Mergers and acquisitions will be the most robust in the financial-services, technology and natural resources industries, said Peter Weinberg, partner and co-founder of Perella Weinberg Partners in New York. He said improved confidence at the start of the year has been the impetus for activity now because of the typical six- to nine-month lag time to arrange a deal.

“People had significant confidence in the equity markets, the financing markets or their own strategic aspirations,” said Weinberg.

The S&P 500 Index rallied 80 percent from its bear market low in March 2009 through April 23 of this year, data compiled by Bloomberg show.
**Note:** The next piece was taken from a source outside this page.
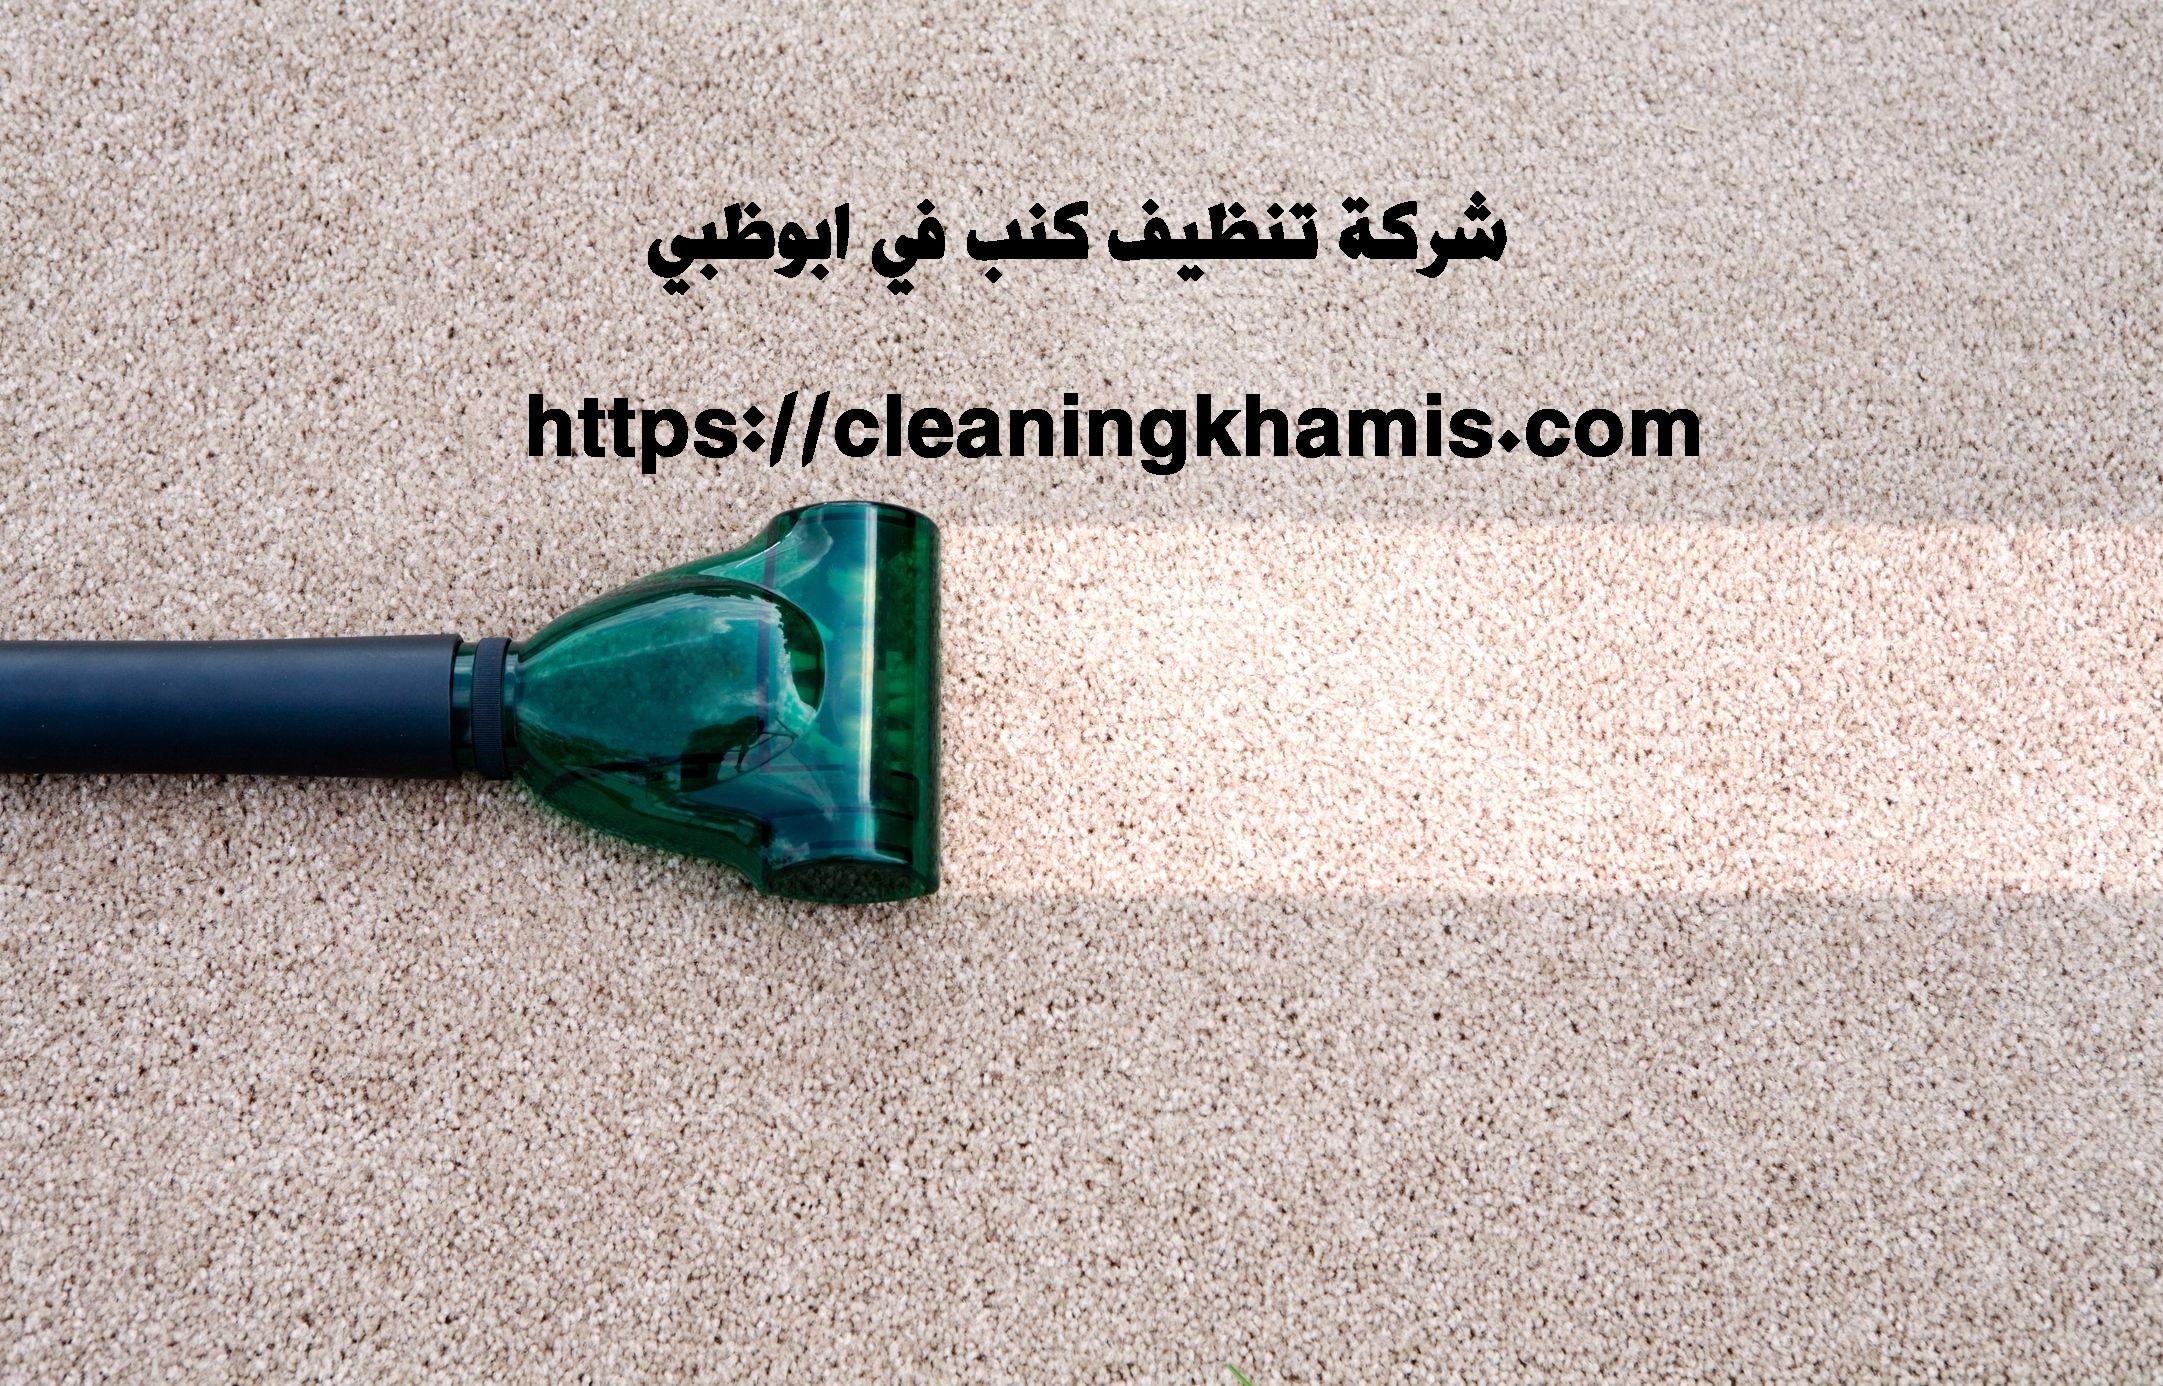 شركة تنظيف كنب في ابوظبي
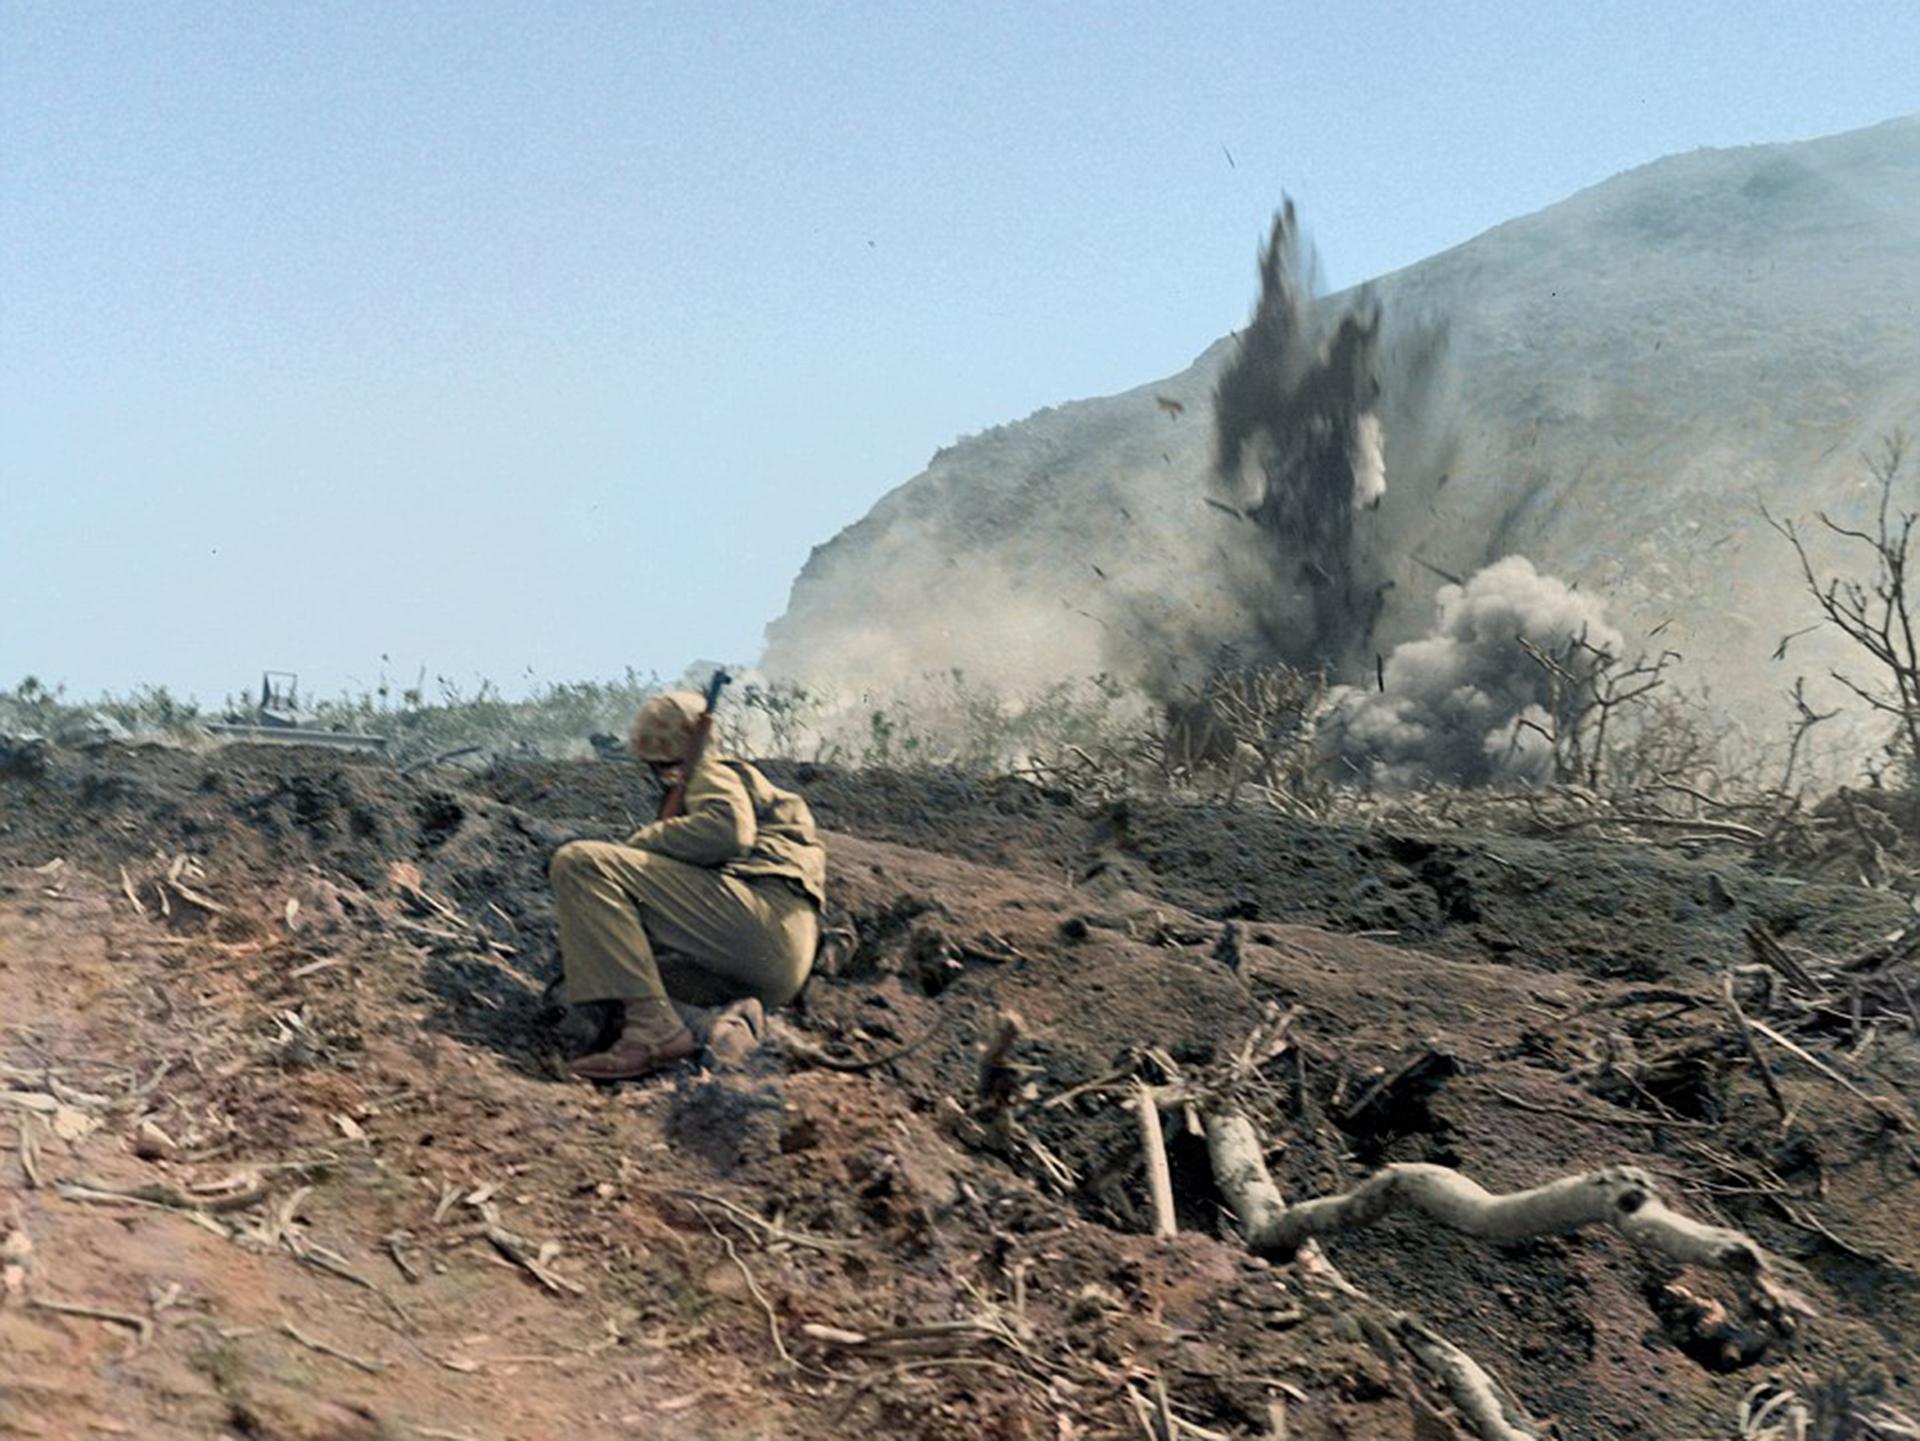 Un marine observa cómo un mortero estalla en las posiciones japonesas en Iwo Jima, en marzo de 1945

The benchmark gauge for U.S. equities then retreated 16 percent through July 2 and has since rebounded 12 percent.

Goldman Sachs Group Inc. is the top takeover adviser this year with $325.9 billion of deals and was followed by Morgan Stanley, which has $301.6 billion, according to Bloomberg data. New York-based JPMorgan Chase & Co., which is advising BHP on its Potash Corp. bid, ranked third with $263.1 billion in deals. Credit Suisse and Bank of America ranked fourth and fifth, the data show.

“We are cautiously optimistic about next year,” said Hernan Cristerna, JPMorgan’s head of European M&A in London. “Conditions are in place for 2011 to be better than 2010 in terms of volumes.”